OK, firing probably isn't the best way to characterize it since there isn't any likely compensation at stake, but the end result will be the same, none the less. My reputation in Commercial real estate sales and leasing needs to be one of service and results. I need to be working for the right people. This week I am prioritizing the assignments I've agreed to take on and dropping the 'bad apples' based on the following criteria:
Do they value my service? - Am I going to work for 6 months finding them the right location or buyer to have them go around me in hopes of cutting a better deal? I'm going back to the practice of getting representation agreements with ALL new clients. As a wise friend reminded me recently, 'If you're not going to get paid, you want to know now!'
Have they used our market data and expertise wisely? - eg: market price range $800,000 - $850,000 and I'm asked to list it at $1,200,000. In this market, I've said only half-jokingly 'I want to be the 3rd listing agent on a commercial building sale. The first agent doesn't stand a chance selling it at the overpriced expectations of the in-denial seller, the second agent drives home the reality of decreased values, and the 3rd gets to sell the building...

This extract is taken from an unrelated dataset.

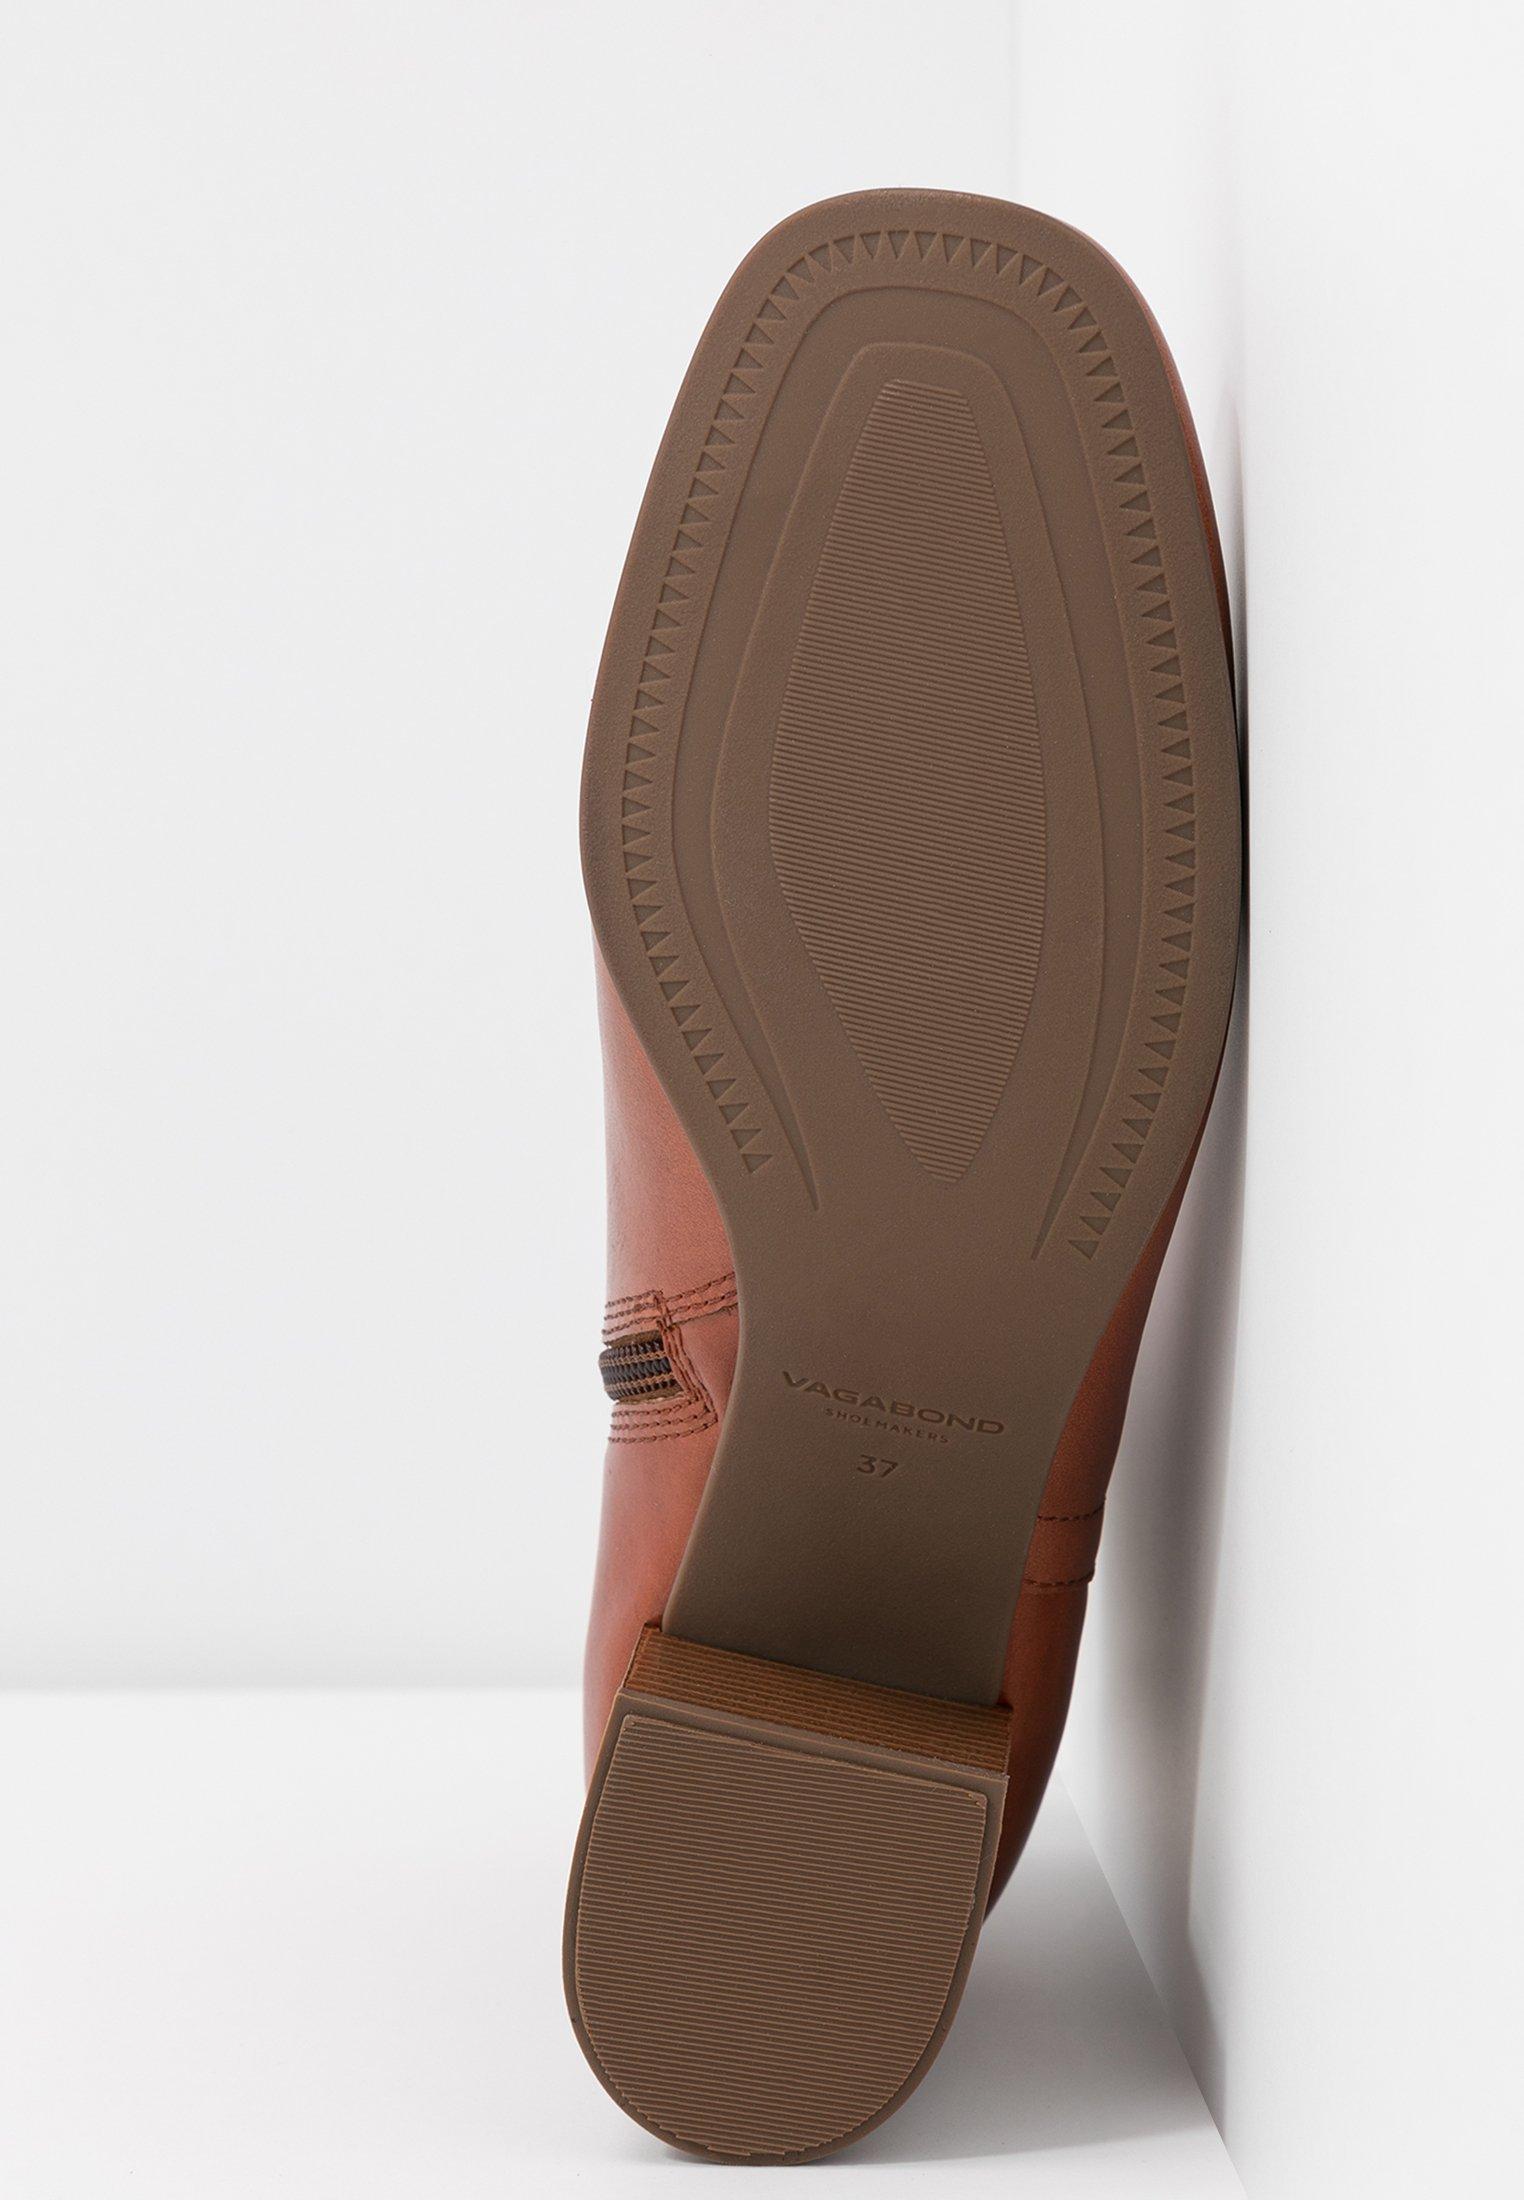 Vagabond NICOLE Støvletter cinnamonbrun Zalando.no

Are the prospects financially ready and professionally competent? Landlords are often so anxious to place tenants just to get some cash flow that they give the best deals to the weakest tenants. My reputation can't afford to put a tenant in a space and have them default in 6 months.
99.9% of the prospects and clients I drop under this criteria weren't going to make me any money or enhance my reputation anyway. Perhaps I'll prevent someone from from getting in over their head or provide the 'reality check' that spurs them to make a long overdue decision. Perhaps I'm performing a public service.
What criteria do you use? Is it different between commercial real estate and residential?